Lawmakers approved the deal, which normalizes relations between the two countries, early Saturday morning before they left for a summer recess.
Israel’s Knesset had approved the deal in late June.
The Prime Minister’s Office of Israel issued a statement on Saturday night welcoming the approval, saying that Israel “looks forward to the next steps of its implementation, including the return of our respective ambassadors.”
Relations between Israel and Turkey broke down in the aftermath of the Mavi Marmara incident in May 2010, when Israeli commandos boarded and killed nine Turkish citizens in clashes on a boat attempting to break Israel’s Gaza blockade.
Under the agreement approved Saturday, Turkey will drop legal claims against the Israeli military and individual officers and soldiers who were part of the Mavi Marmara raid. Also, Israel will pay $20 million to a humanitarian fund as compensation to the families of the Mavi Marmara victims.

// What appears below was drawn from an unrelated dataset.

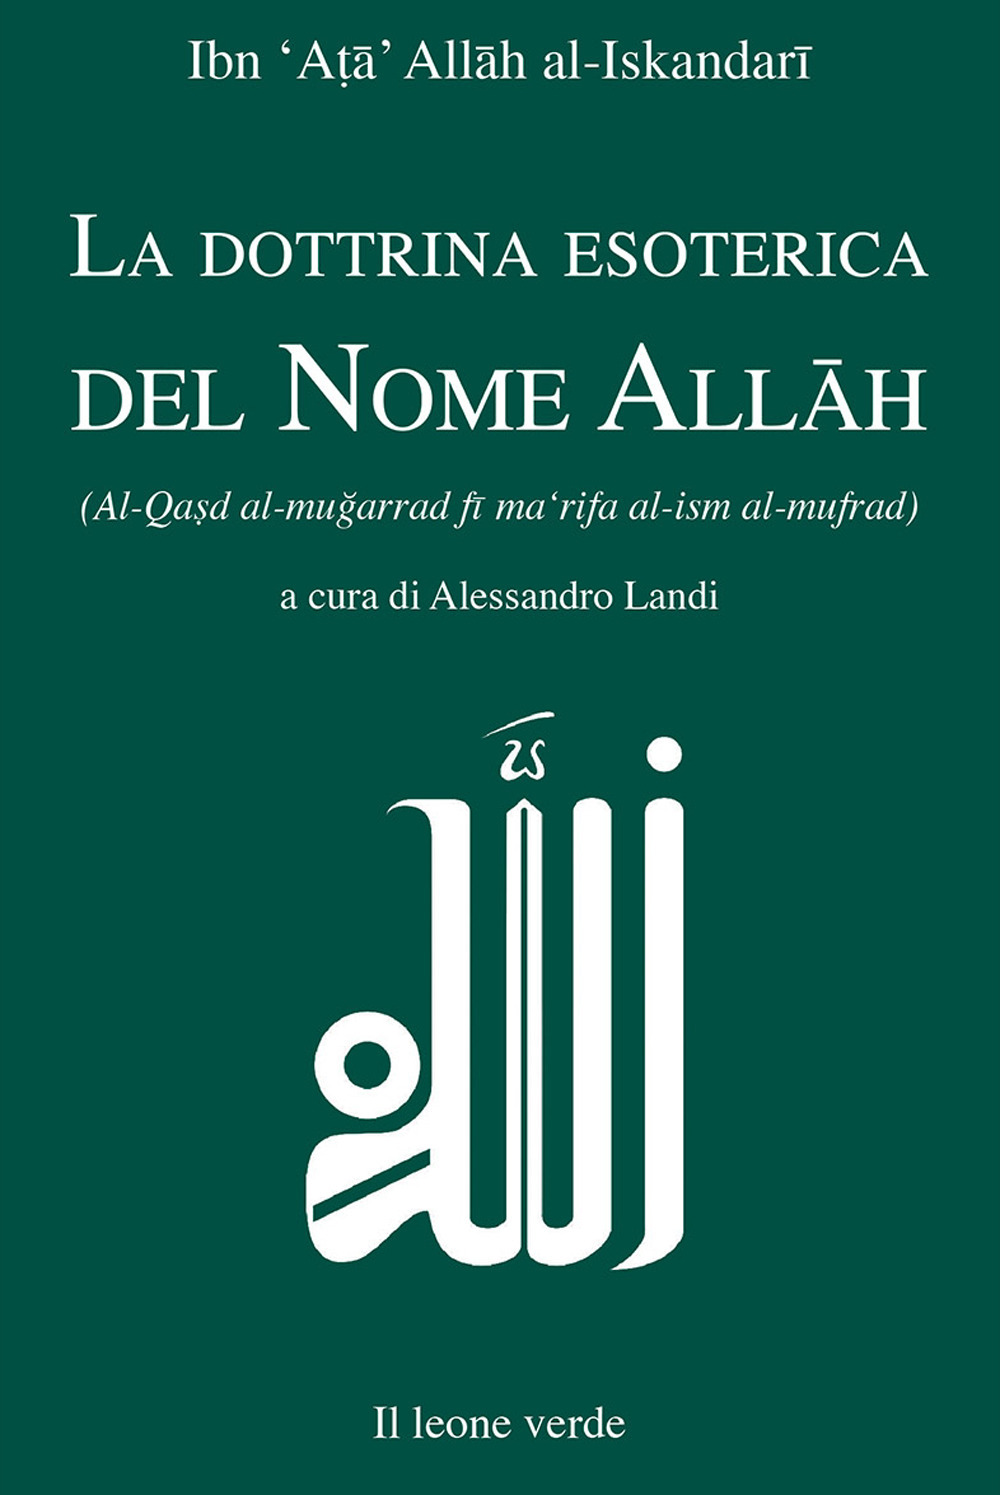 La dottrina esoterica del nome Allâh. Trattato sull'aspirazione spirituale verso il Principio dell'esistenza mediante il Nome divino Allâh

Prime Minister Benjamin Netanyahu has apologized for the deaths, another Turkish condition for the resumption of diplomatic ties.
Hours after Turkey approved the deal, a bomb attack on a wedding in the southeastern city of Gaziantep, located near the Syrian border and a center for Syrians fleeing their country’s civil war, left at least 50 dead.
Turkish President Recep Tayyip Erdogan on Sunday said the Islamic State was the “likely perpetrator” of the attack.